Download: Nocturne for macOS (Free)

F.lux (Mac)

F.lux is one of the most popular lighting tuning applications. It adjusts your screen brightness (brightness and nuances) based on your time of day and is configured to help you maximize productivity during the day and prepare for sleep at night. Its custom lighting settings are based on scientific research related to light and sleep.

F.lux is available on Mac for free, and easy to download. But if you need to jailbreak an iPhone or iPad to get F.lux on it, which is hardly worth the effort when you already have Night Shift.

Download: F.lux for macOS (Free)

Eye Relax (iPhone, iPad)

Rather than automatically adjusting settings on your devices, Eye Relax invites you to make eye health part of your daily routine. The app offers several different relaxation and refocusing exercises to reduce eye strain and help impact your productivity.

Eye Relax includes a built-in exercise timer, as well as some great free exercises (extra exercises can be purchased through the app).

Download: Eye Relax for iOS (Free, in-app purchases available)

Time Out (Mac)

Time Out is a great app that works on your Mac to help you train yourself to take more screen breaks. On its default setting, Time Out will automatically fade your screen to give you a 10-minute break every hour or a 15-second break every 15 minutes.

You can customize each break to play soothing music, recite a poem, or run a script, and if you’re in the middle of something, you can delay your break until later.

Download: Time Out for macOS (Free, in-app purchases available)

Iris (Mac)

PWM flickering is common on monitors. Essentially, the screen turns off for a few milliseconds and then on again to help reduce energy usage.
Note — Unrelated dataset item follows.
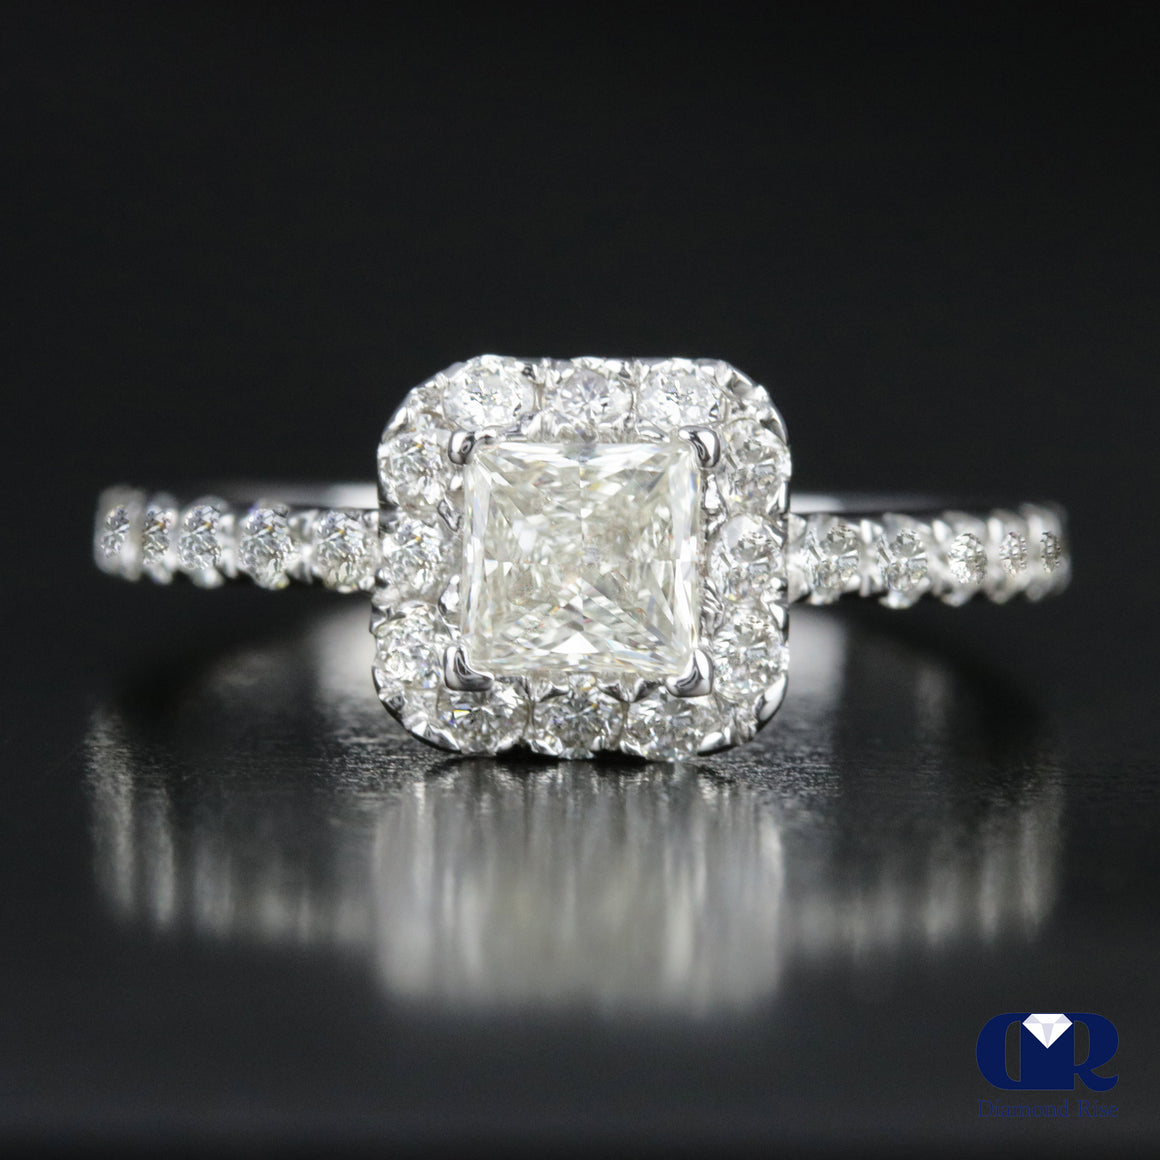 1.00 Carat Princess Cut Diamond Halo Engagement Ring In 14K White Gold - Diamond Rise Jewelry

However, while PWM is at a low enough frequency to be noticeable, it triggers multiple contractions and expansions of your pupils, which increases eye fatigue.

Iris is a Mac-compatible app that not only reduces blue light, but also reduces PWM flickering on your computer screen.

Download: Iris for macOS (Premium subscription required)

If Settings and Apps Aren’t Enough

It is likely that changing your device settings and downloading these additional apps still does not completely overcome your symptoms of eye strain. If these digital solutions are not enough for you, it may be time to consider buying specialized wearables (such as blue light glasses) or adjusting your working style to dramatically cut down on device life.